Vu le règlement (CE) n° 765/2008 du Parlement européen et du Conseil du 9 juillet 2008 fixant les prescriptions relatives à l'accréditation et à la surveillance du marché pour la commercialisation des produits et abrogeant le règlement (CEE) n° 339/93 du Conseil ;
Vu la directive n° 2009/28/CE du Parlement européen et du Conseil du 23 avril 2009 relative à la promotion de l'utilisation de l'énergie produite à partir de sources renouvelables et modifiant puis abrogeant les directives 2001/77/CE et 2003/30/CE, notamment son article 14 ;
Vu le code de l'environnement, notamment ses articles L. 120-1, L. 123-1 à L. 123-19, L. 211-1, L. 212-1, L. 212-3, L. 214-2, L. 214-3, L. 414-4, R. 122-2, R. 214-1, R. 414-23 et R. 414-27 ;
Vu le code minier, notamment ses articles L. 112-1 à L. 112-3, L. 124-3 à L. 124-9, L. 134-3 à L. 134-12, L. 161-1, L. 161-2, L. 162-1, L. 162-3, L. 162-10, L. 164-2 et L. 411-1 ;
Vu la loi n° 2000-321 du 12 avril 2000 modifiée relative aux droits des citoyens dans leurs relations avec les administrations, notamment son article 19 ;
Vu l'ordonnance n° 2005-1516 du 8 décembre 2005 modifiée relative aux échanges électroniques entre les usagers et les autorités administratives et entre les autorités administratives, notamment son article 5 ;
Vu l'ordonnance n° 2014-1330 du 6 novembre 2014 relative au droit des usagers de saisir l'administration par voie électronique, notamment son article 7 ;
Vu le décret n° 78-498 du 28 mars 1978 modifié relatif aux titres de recherches et d'exploitation de géothermie ;
Vu le décret n° 97-1204 du 19 décembre 1997 pris pour l'application au ministre chargé de l'environnement du premier alinéa de l'article 2 du décret n° 97-34 du 15 janvier 1997 relatif à la déconcentration des décisions administratives individuelles ;
Vu le décret n° 2001-492 du 6 juin 2001 pris pour l'application du chapitre II du titre II de la loi n° 2000-321 du 12 avril 2000 et relatif à l'accusé de réception des demandes présentées aux autorités administratives ;
Vu le décret n° 2006-648 du 2 juin 2006 modifié relatif aux titres miniers et aux titres de stockage souterrain ;
Vu le décret n° 2006-649 du 2 juin 2006 modifié relatif aux travaux miniers, aux travaux de stockage souterrain et à la police des mines et des stockages souterrains ;
Vu l'avis de la mission interministérielle de l'eau en date du 5 décembre 2013 ;
Le Conseil d'Etat (section des travaux publics) entendu,
Décrète :

  • Chapitre Ier : Dispositions modifiant le décret n° 78-498 du 28 mars 1978 relatif aux titres de recherches et d'exploitation de géothermie


    Les articles 1er à 18 du décret n° 78-498 du 28 mars 1978 sont modifiés conformément aux articles 2 à 16 ci-après.

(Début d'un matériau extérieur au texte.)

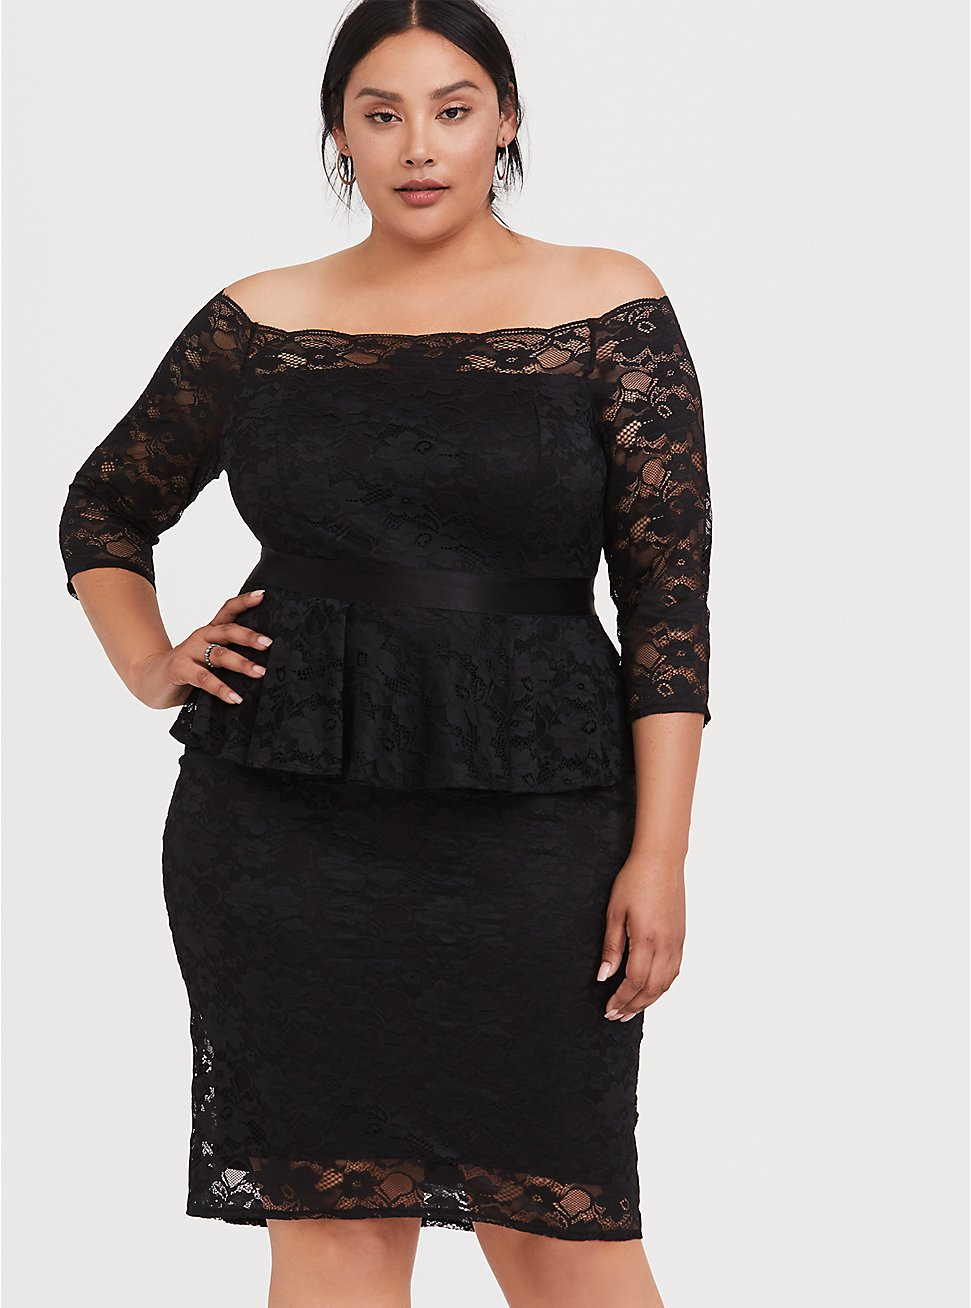 Special Occasion Black Lace Off Shoulder Peplum Shift Dress, DEEP BLACK, hi-res
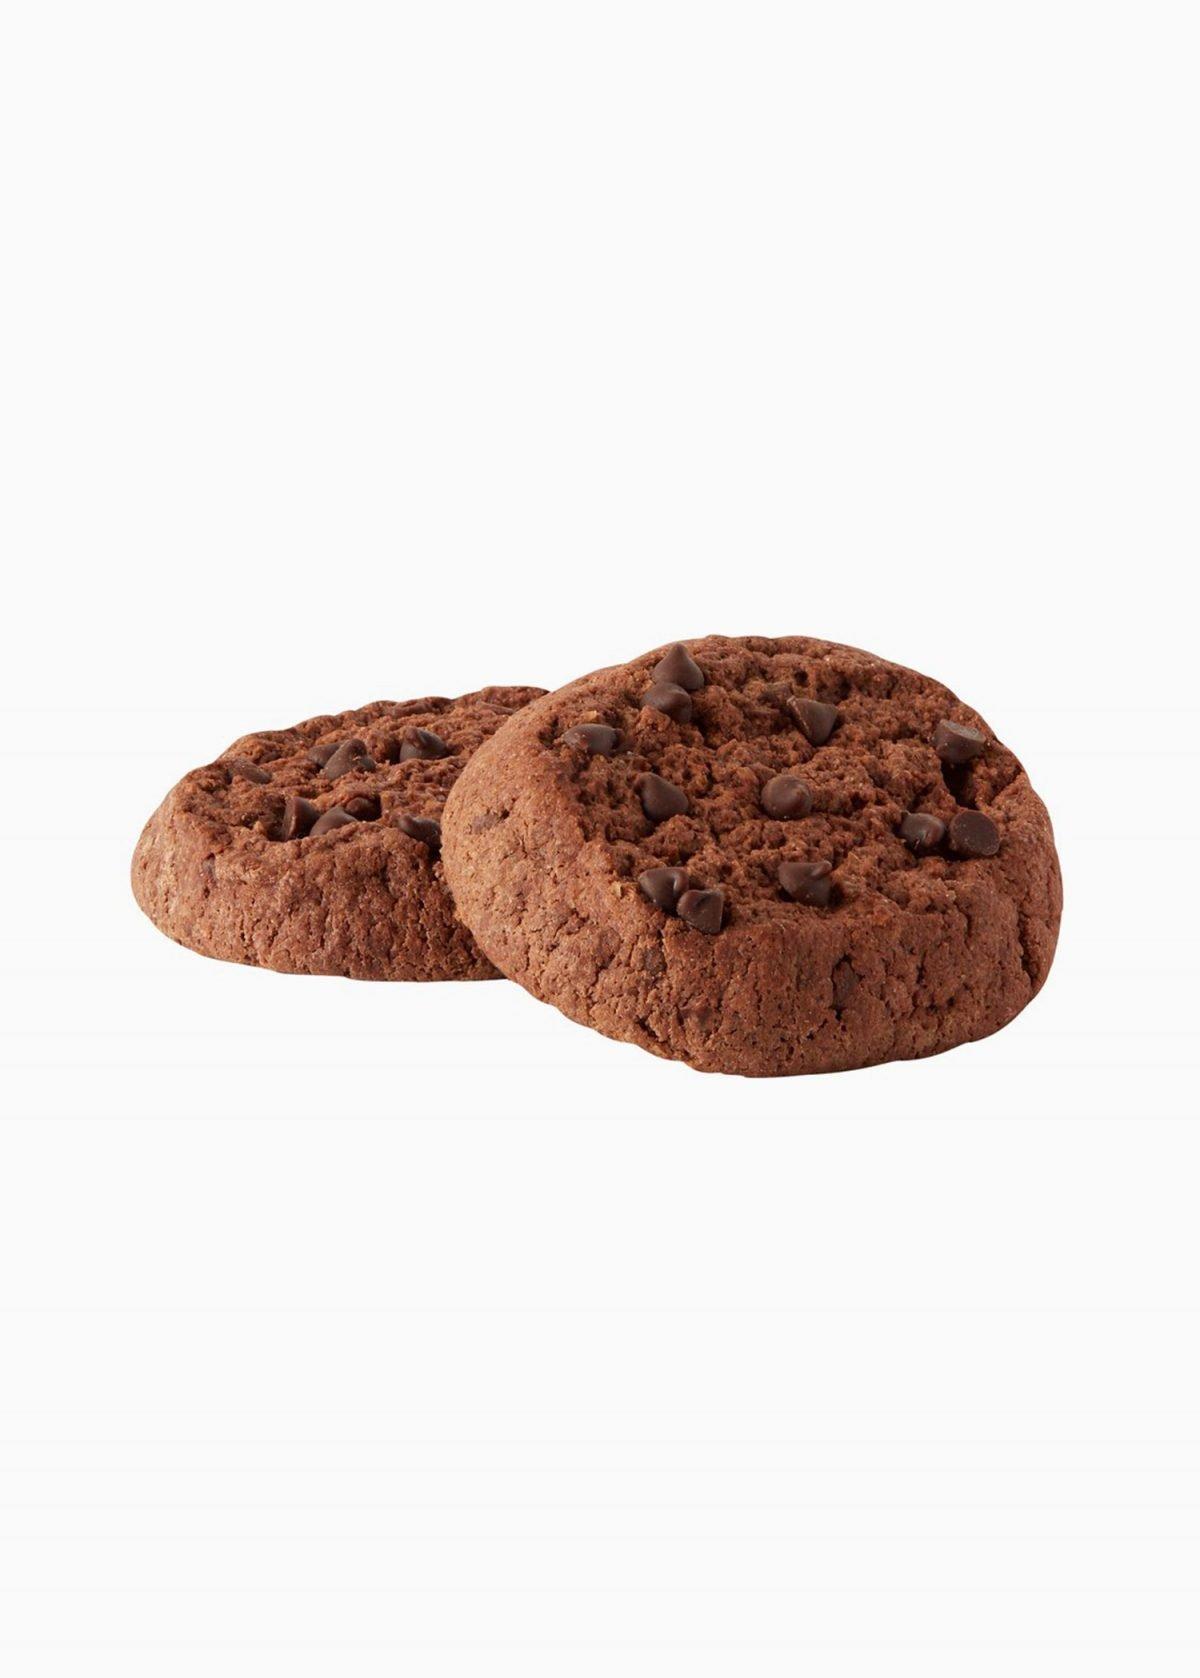 Aurora Drift Soft Baked Chocolate Cookies

    L'article 1er est remplacé par trois articles ainsi rédigés :


    « Art. 1.-Au sens du présent décret :
    « 1° Le puits canadien, ou puits provençal, est un échangeur géothermique utilisant l'air comme fluide caloporteur, dans le but de chauffer ou de refroidir un bâtiment, un ouvrage ou un équipement ;
    « 2° Les géostructures thermiques sont des éléments de structure enterrés d'un bâtiment, d'un ouvrage ou d'un équipement, équipés de tubes échangeurs de chaleur dès leur construction. La circulation d'un fluide caloporteur dans les tubes permet l'échange de l'énergie thermique avec le terrain, dans le but de chauffer ou de rafraîchir un bâtiment, un ouvrage ou un équipement ou d'y produire l'eau chaude sanitaire ;
    « 3° Un échangeur géothermique ouvert est un échangeur géothermique dont le fluide caloporteur circule en circuit ouvert avec les aquifères du sous-sol ;
    « 4° Un échangeur géothermique fermé est un échangeur géothermique horizontal, vertical ou hybride fonctionnant en circuit fermé. Un fluide caloporteur circule à l'intérieur des tubes, pour prélever ou restituer l'énergie du sous-sol par conduction.


    « Art. 2.-Conformément à l'article L. 112-1 du code minier et sans préjudice des dispositions de l'article L. 411-1 de ce code, ne relèvent pas du régime légal des mines les activités et installations géothermiques suivantes :
    « 1° Les puits canadiens ;
    « 2° Les géostructures thermiques ;
    « 3° Les échangeurs géothermiques fermés d'une profondeur inférieure à 10 mètres ;
    « 4° Les échangeurs géothermiques ouverts dont au moins un échangeur fonctionne en circuit ouvert répondant aux conditions mentionnées au II de l'article 3 et dont aucun des ouvrages de prélèvement ou de réinjection ne dépasse la profondeur de 10 mètres.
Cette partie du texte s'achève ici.